Наташка медленно сползла по двери на пол.

— Пурга, — выдохнула она. — А мы и не слышали... Этот балбес. Сережка красноухий, он нас в кладовку запихал. А мы отвечай... — Глаза у Наташки стали большими и совсем темными. — А как же мама? — Наташка стала на четвереньки и поползла под кровать, подвывая: — Ой, что нам буде-ет...

Ленька подошел к столу, угрюмо скомкал записку и бросил ее на пол.

В дверь поскребся кто-то. Ленька и Коля мгновенно нырнули под Ленькину койку. Дверь отворилась тихонько. В щель просунулась голова первоклассника. Он оглядел комнату, сложил губы румяным бубликом, чуть слышно присвистнул и ретировался.

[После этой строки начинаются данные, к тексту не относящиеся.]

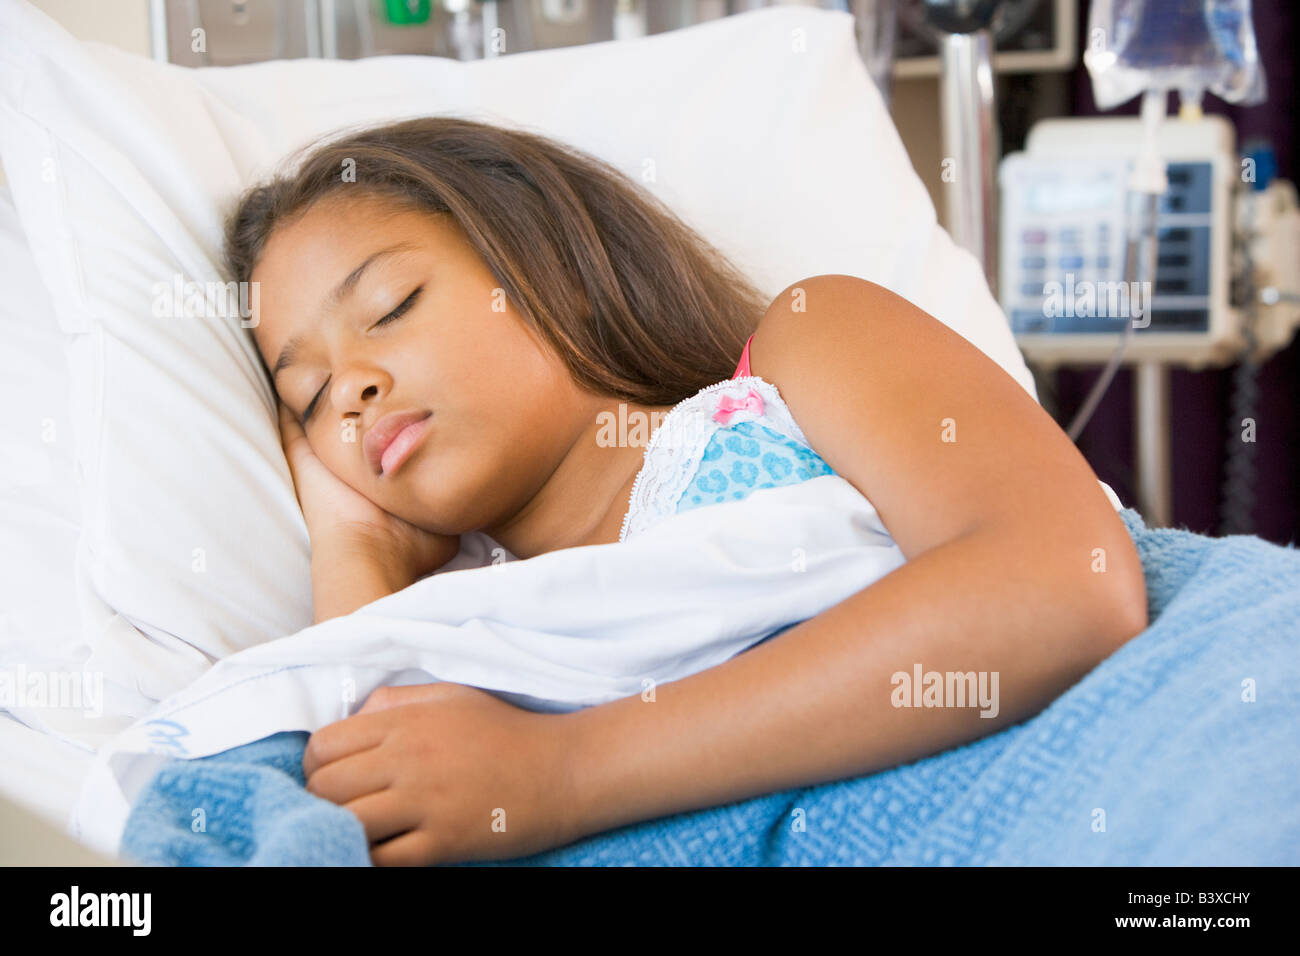 Young Girl Sleeping In Hospital Bed Stock Photo
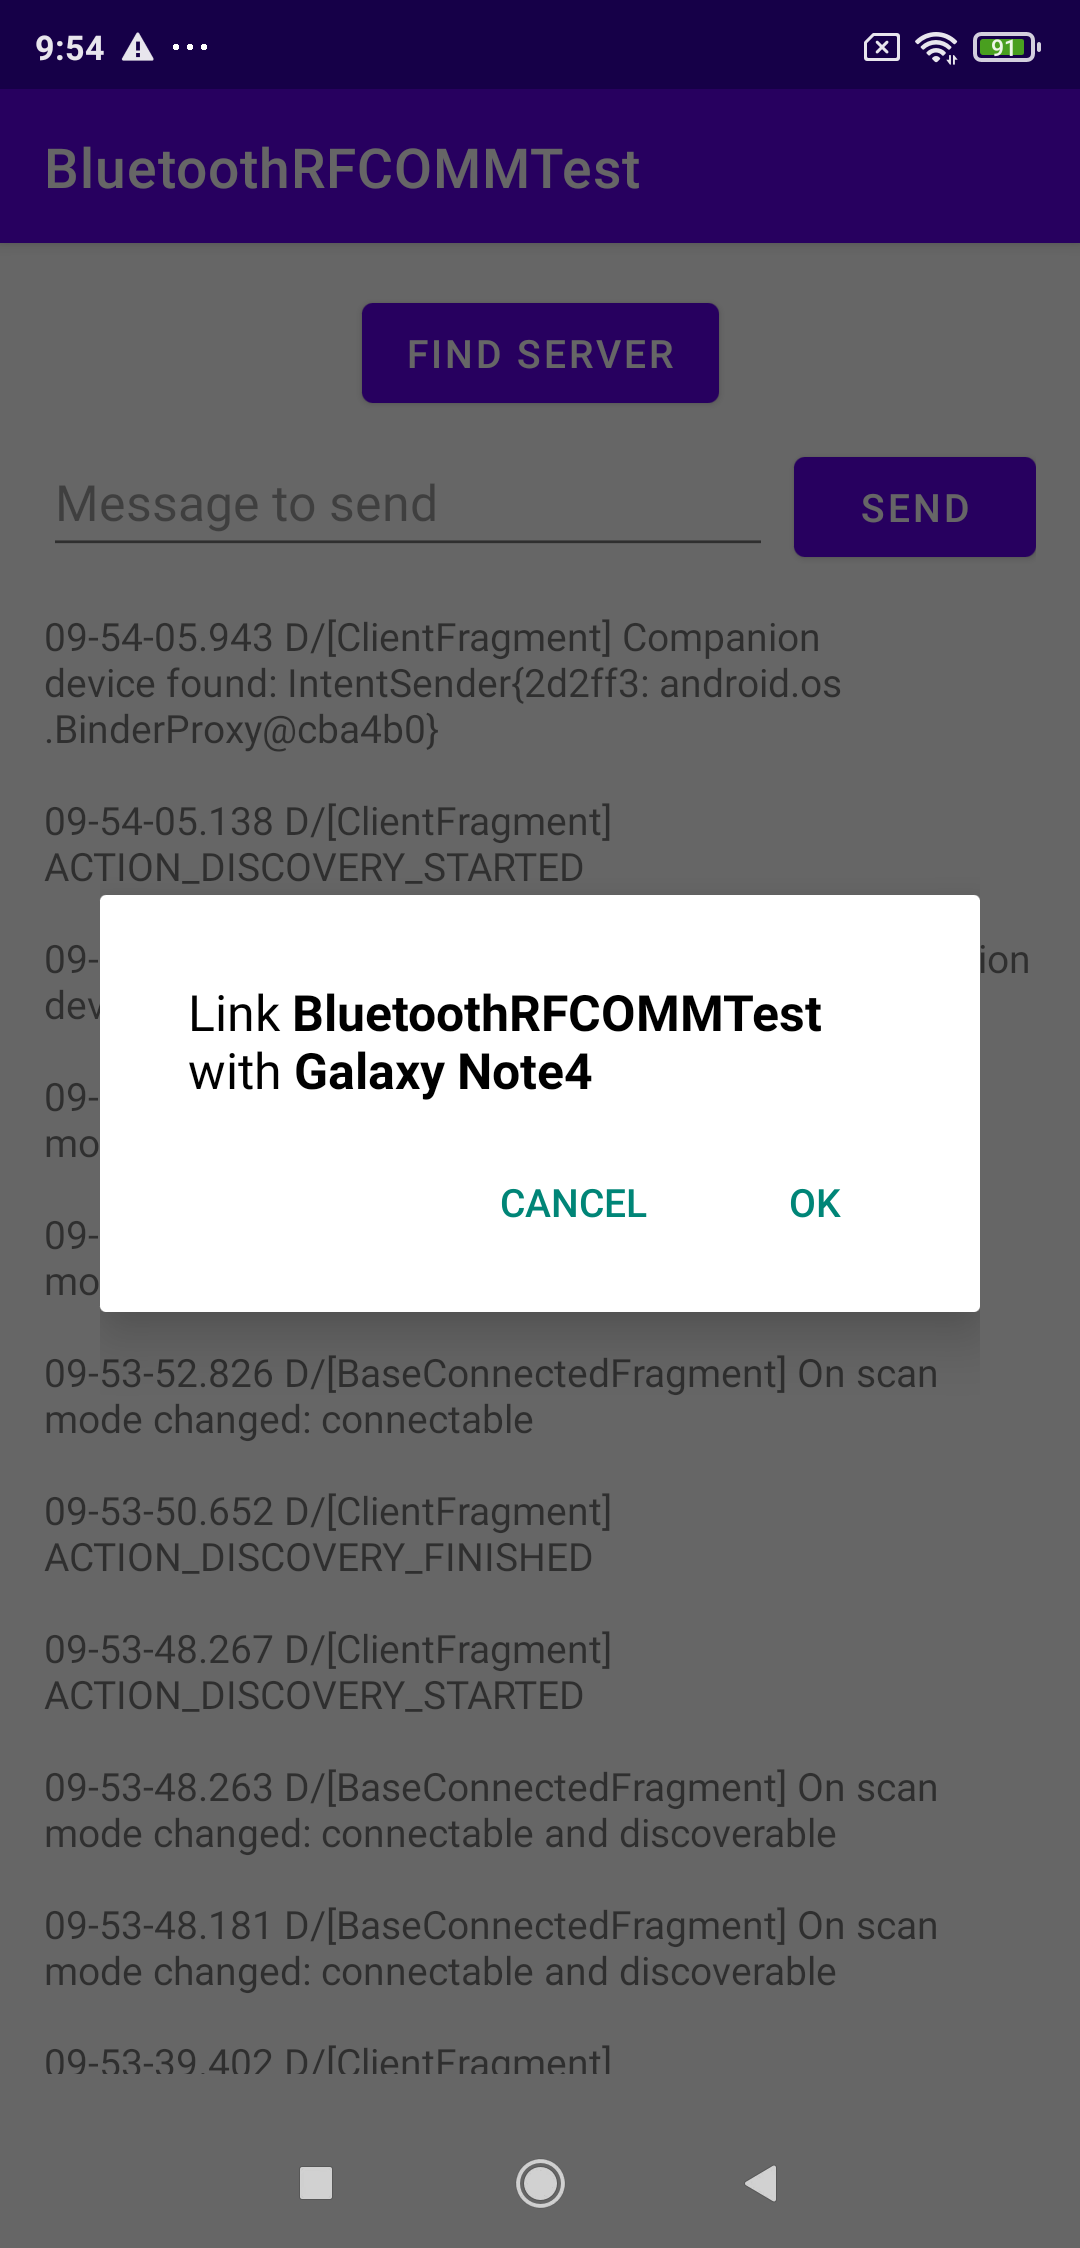 The comfirming dialog for linking with a companion device

На улице застонало, загрохотало, — казалось, сгружали над темной землей тысячи тонн листового железа. Оно летело вниз и сталкивалось друг с другом, выло и грохотало и рвалось с чудовищным и нестерпимым скрежетом. Налетевший снежный заряд сделал воздух непроницаемым для уличных фонарей. Стекла загудели упруго и как бы прогнулись внутрь.